[Items from a dataset]
▼

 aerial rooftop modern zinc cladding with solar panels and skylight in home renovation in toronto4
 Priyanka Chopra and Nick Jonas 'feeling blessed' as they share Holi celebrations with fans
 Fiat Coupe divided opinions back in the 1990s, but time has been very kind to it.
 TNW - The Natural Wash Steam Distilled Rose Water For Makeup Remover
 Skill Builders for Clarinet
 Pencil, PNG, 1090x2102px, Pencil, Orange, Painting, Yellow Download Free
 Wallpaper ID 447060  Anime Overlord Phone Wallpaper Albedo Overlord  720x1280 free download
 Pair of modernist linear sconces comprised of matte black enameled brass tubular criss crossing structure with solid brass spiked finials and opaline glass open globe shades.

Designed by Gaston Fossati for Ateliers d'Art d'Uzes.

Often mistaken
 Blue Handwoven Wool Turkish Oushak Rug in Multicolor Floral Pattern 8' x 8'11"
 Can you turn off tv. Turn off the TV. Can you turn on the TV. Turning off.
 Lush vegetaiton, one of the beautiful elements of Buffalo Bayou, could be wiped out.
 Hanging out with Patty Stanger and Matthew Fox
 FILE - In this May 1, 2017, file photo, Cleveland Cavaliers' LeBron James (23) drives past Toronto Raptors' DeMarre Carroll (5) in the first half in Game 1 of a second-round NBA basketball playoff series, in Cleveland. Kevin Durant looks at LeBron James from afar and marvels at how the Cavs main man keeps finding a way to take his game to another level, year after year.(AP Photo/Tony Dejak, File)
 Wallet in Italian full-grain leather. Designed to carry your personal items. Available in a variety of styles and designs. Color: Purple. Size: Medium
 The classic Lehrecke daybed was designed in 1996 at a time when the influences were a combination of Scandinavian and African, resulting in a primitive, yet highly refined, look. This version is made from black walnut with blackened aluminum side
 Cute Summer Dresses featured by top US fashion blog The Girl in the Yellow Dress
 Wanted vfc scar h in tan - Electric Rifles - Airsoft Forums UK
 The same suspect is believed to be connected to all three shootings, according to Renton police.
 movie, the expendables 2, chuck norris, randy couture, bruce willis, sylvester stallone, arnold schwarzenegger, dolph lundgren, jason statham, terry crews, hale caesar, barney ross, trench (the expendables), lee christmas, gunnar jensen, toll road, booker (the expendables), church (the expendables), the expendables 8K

▲

Problem requirements. Scan the entries above for the line containing "Blue Handwoven Wool", and copy it and all lines after it exactly, down to and including the line containing "Wallet in Italian".

Finished exercise.
 Blue Handwoven Wool Turkish Oushak Rug in Multicolor Floral Pattern 8' x 8'11"
 Can you turn off tv. Turn off the TV. Can you turn on the TV. Turning off.
 Lush vegetaiton, one of the beautiful elements of Buffalo Bayou, could be wiped out.
 Hanging out with Patty Stanger and Matthew Fox
 FILE - In this May 1, 2017, file photo, Cleveland Cavaliers' LeBron James (23) drives past Toronto Raptors' DeMarre Carroll (5) in the first half in Game 1 of a second-round NBA basketball playoff series, in Cleveland. Kevin Durant looks at LeBron James from afar and marvels at how the Cavs main man keeps finding a way to take his game to another level, year after year.(AP Photo/Tony Dejak, File)
 Wallet in Italian full-grain leather. Designed to carry your personal items. Available in a variety of styles and designs. Color: Purple. Size: Medium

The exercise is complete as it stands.